WP        Write Protect (bit 16 of CR0) - When set, inhibits supervisor-level proce-
          dures from writing into read-only pages; when clear, allows supervisor-level
          procedures to write into read-only pages (regardless of the U/S bit setting;
          see Section 4.1.3 and Section 4.6).
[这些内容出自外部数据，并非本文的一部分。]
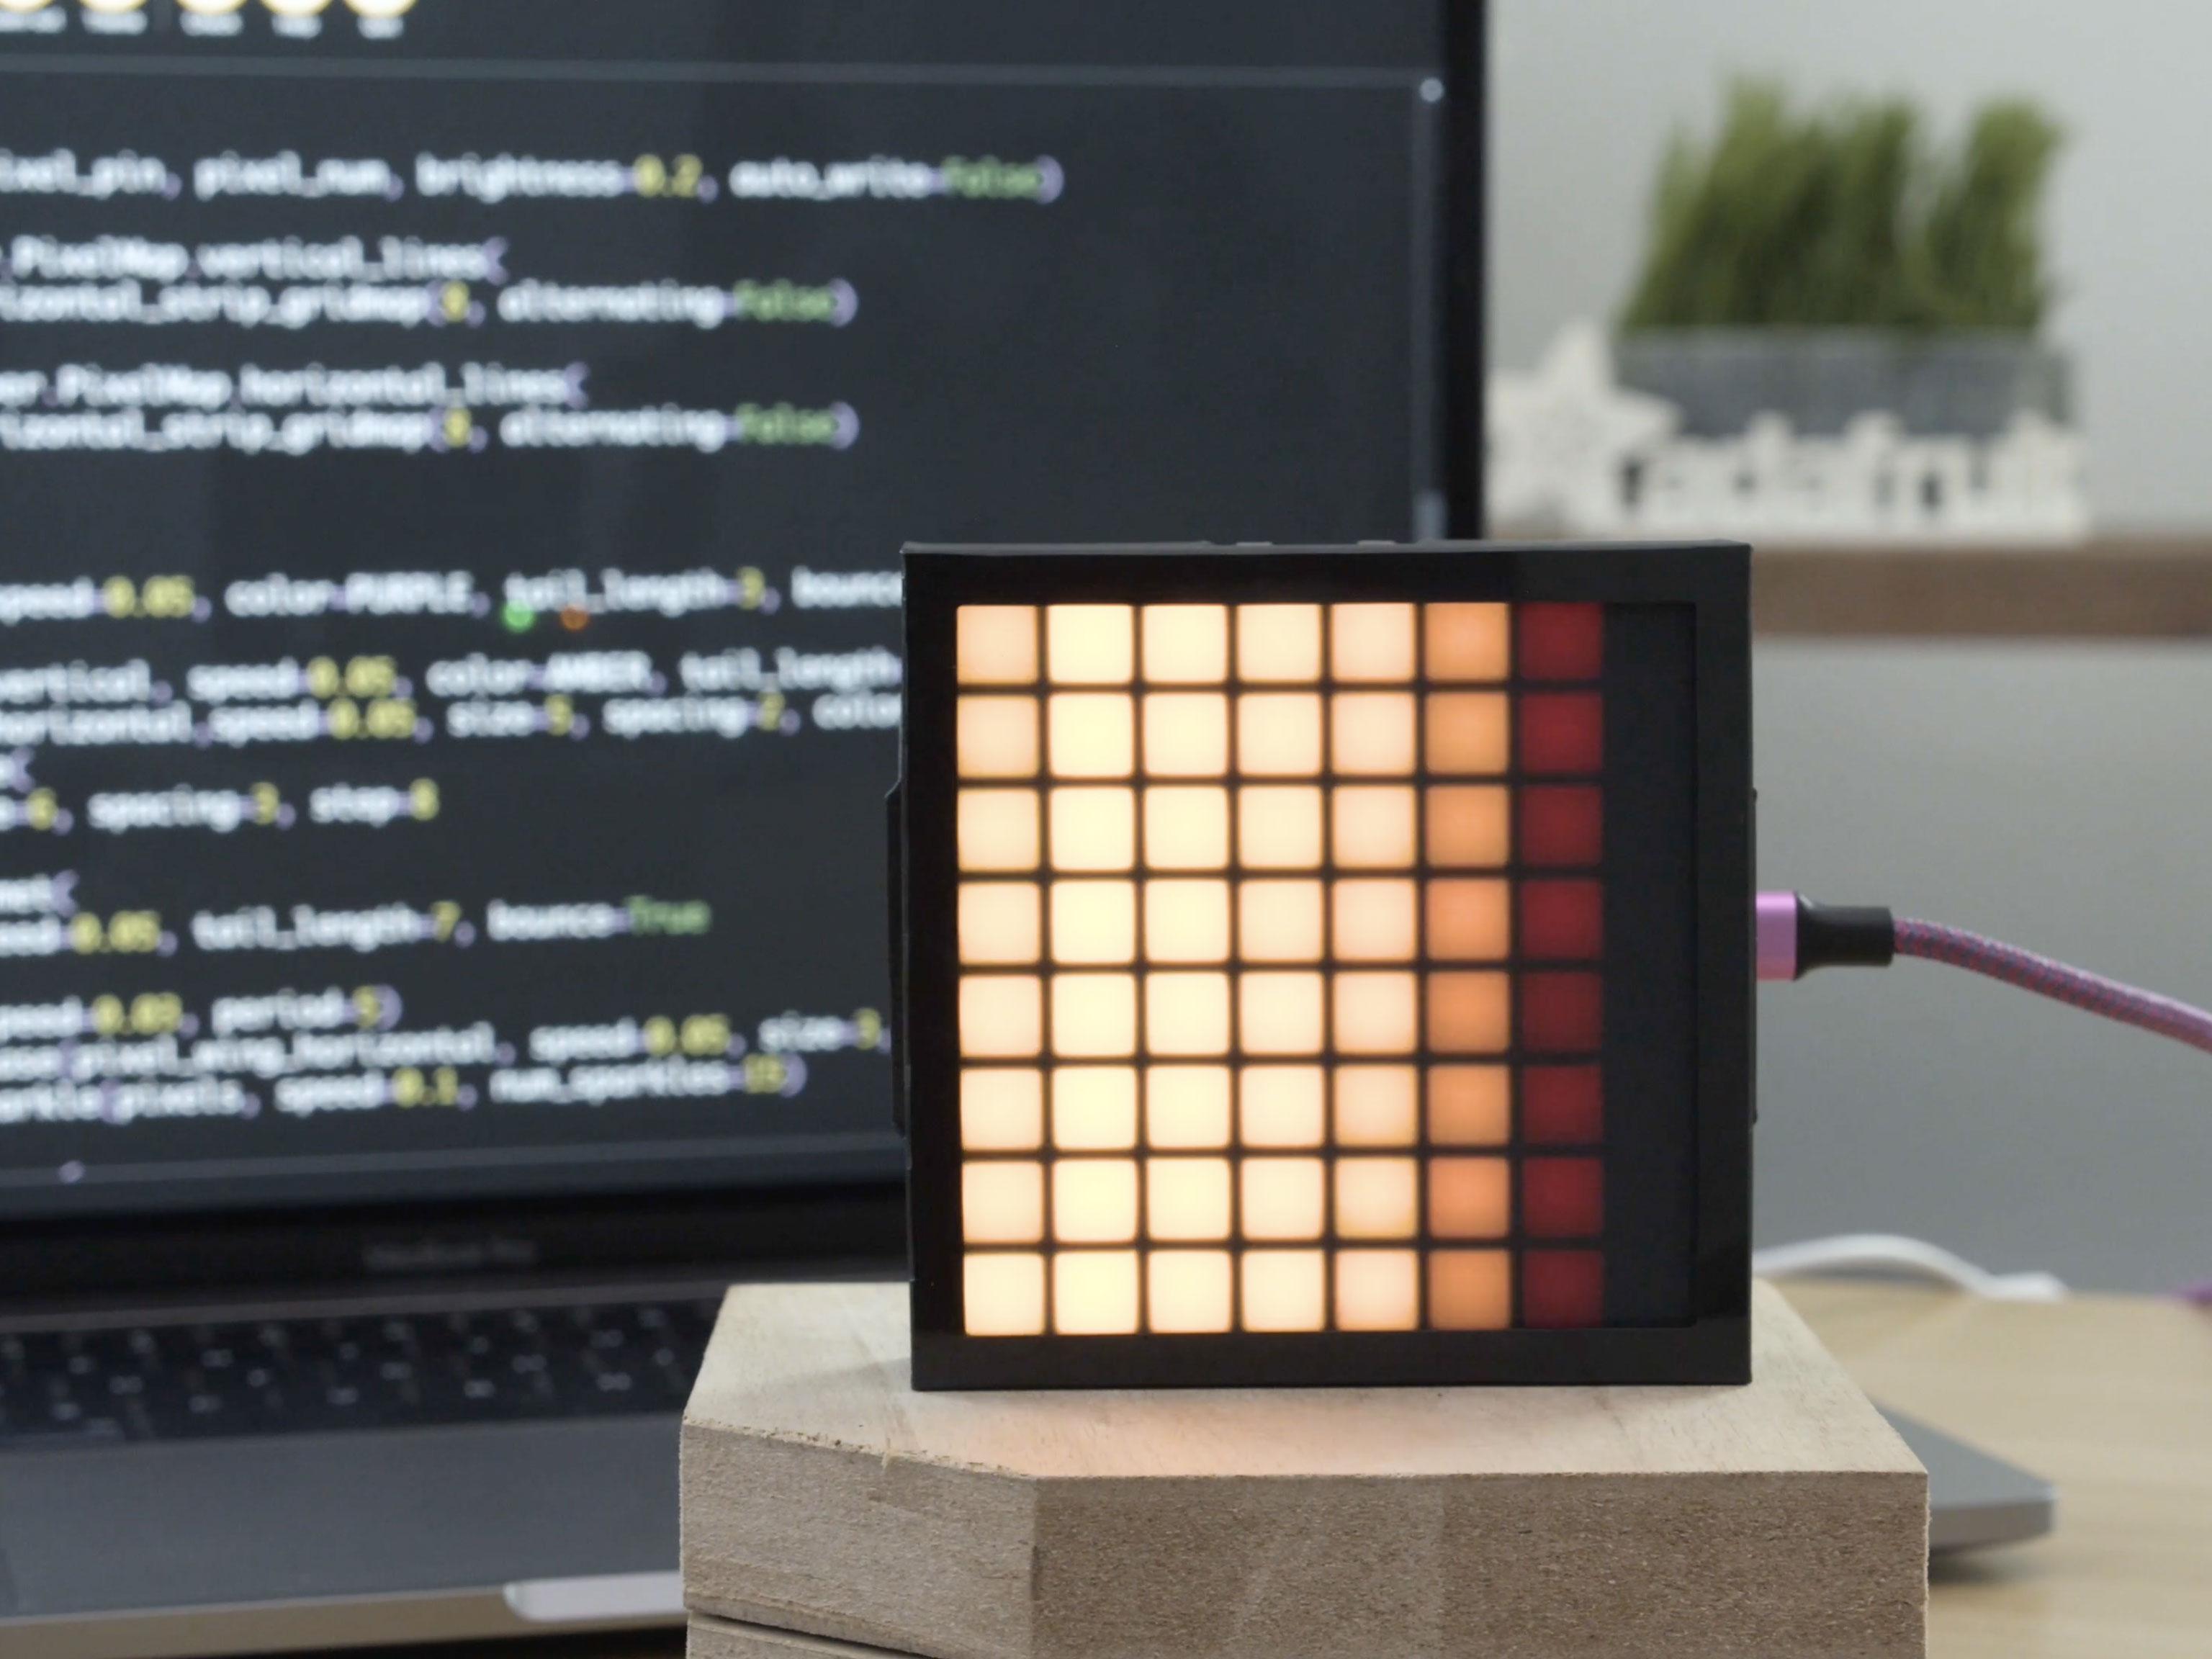 led_matrices_code-orange.jpg

This flag facilitates implementation of the
          copy-on-write method of creating a new process (forking) used by operating
          systems such as UNIX.

Code如下:

inline unsigned long disable_wp ( void )
{
    unsigned long cr0;

    preempt_disable();//抢占内核的控制
    barrier();

    cr0 = read_cr0();
    write_cr0(cr0 & ~X86_CR0_WP);
    return cr0;
}

inline void restore_wp ( unsigned long cr0 )
{
    write_cr0(cr0);

    barrier();
    preempt_enable_no_resched();
}

也可以通过以下代码来实现

/*
*检测CR0写保护位是否设置,如果没有,页写保护已被禁用,并将bitwise-AND的16位置0,并设置CR0
*/
static void disable_page_protection(void)
{
    unsigned long value;
    asm volatile("mov %%cr0, %0" : "=r"(value));
    if(!(value & 0x00010000))
    {
        return ;
    }

    asm volatile("mov %0, %%cr0" : : "r"(value & ~0x00010000));
}

static void enable_page_protection(void)
{
    unsigned long value;
    asm volatile("mov %%cr0, %0" : "=r"(value));

    if((value & 0x00010000))
    {
        return ;
    }
    asm volatile("mov %0, %%cr0" : : "r"(value|0x00010000));
}

在一些ARM中,WP位的概念不存在,必须采取特殊照顾,而在ARM中引入了指令缓存架构来处理数据。虽然数据和指令高速缓存的概念也存在x86和x86_64硬件架构的,这样的功能没有在发展过程中构成障碍。在Android里面,可以不需要对内存保护机制进行考虑。

实现代码地址:https://github.com/qfong/mkm
附文档: 丹•罗森伯格在一篇博客文章
WP: Safe or Not?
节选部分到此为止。